Scientific Publishing as Rhetoric
For some, the fundamental problems of peer review are inherent in the peer review process itself as it is currently implemented. As noted by Sosteric,
"the traditional mode of peer review obscures the problems of reference and the rhetorical dimension of science. The rhetorical process ... [that] is at the heart of science and peer review conveniently disappears with the final publication of the manuscript. In its place is an ideal typical representation (the scientific paper) of the realist assumptions about empirical reference. All the academic world sees is a polished manuscript where the personal involvement of the researcher and reviewers has been systematically eliminated."
As an alternative to conventional peer review, Sosteric, Gross, and others, promote the framework of the 'ideal speech situation', a "theoretical construct that describes the ideal type of interpersonal interaction that should exist in a rhetorical situation” proposed and developed by Jürgen Habermas, the noted German philosopher and sociologist.

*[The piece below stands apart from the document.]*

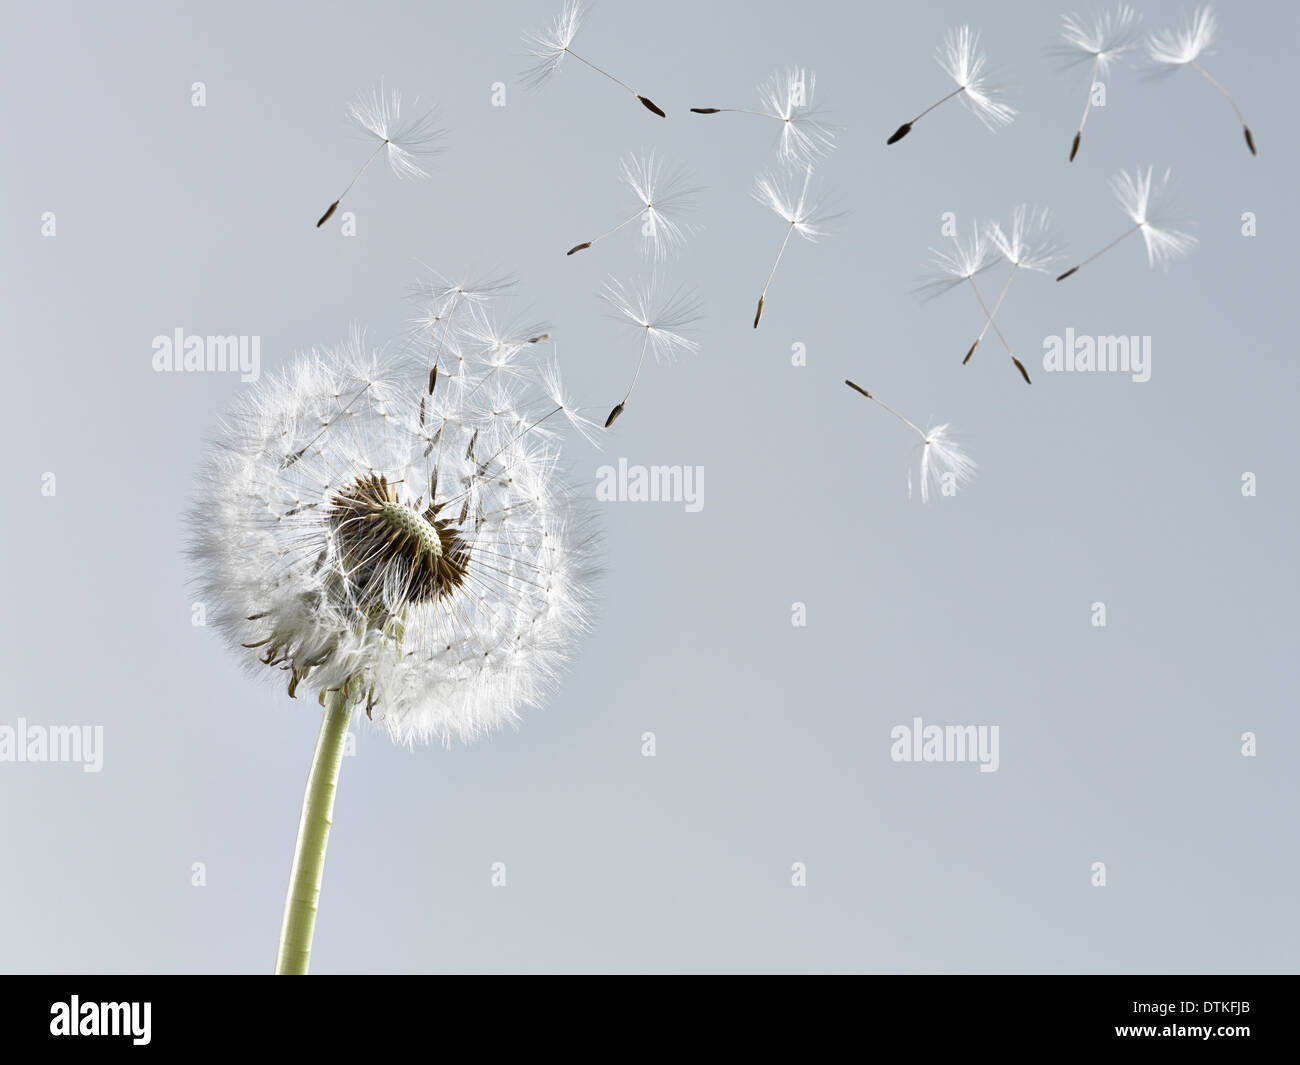 Close up of dandelion plant blowing in wind Stock Photo

Drawing upon Habermas, Gross describes the ideal speech situation in the following terms.
1) the ideal speech situation permits each interlocutor an equal opportunity to initiate speech.
2) there is mutual understanding between interlocutors.
3) there is space for clarification.
4) all interlocutors are equally free to use of any speech act.
5) there is equal power over the exchange.
As applied in the context of peer review, Gross notes that ideally "scientific peer review would permit unimpeded authorial initiative, endless rounds of give and take, [and] unchecked openness among authors, editors, and referees.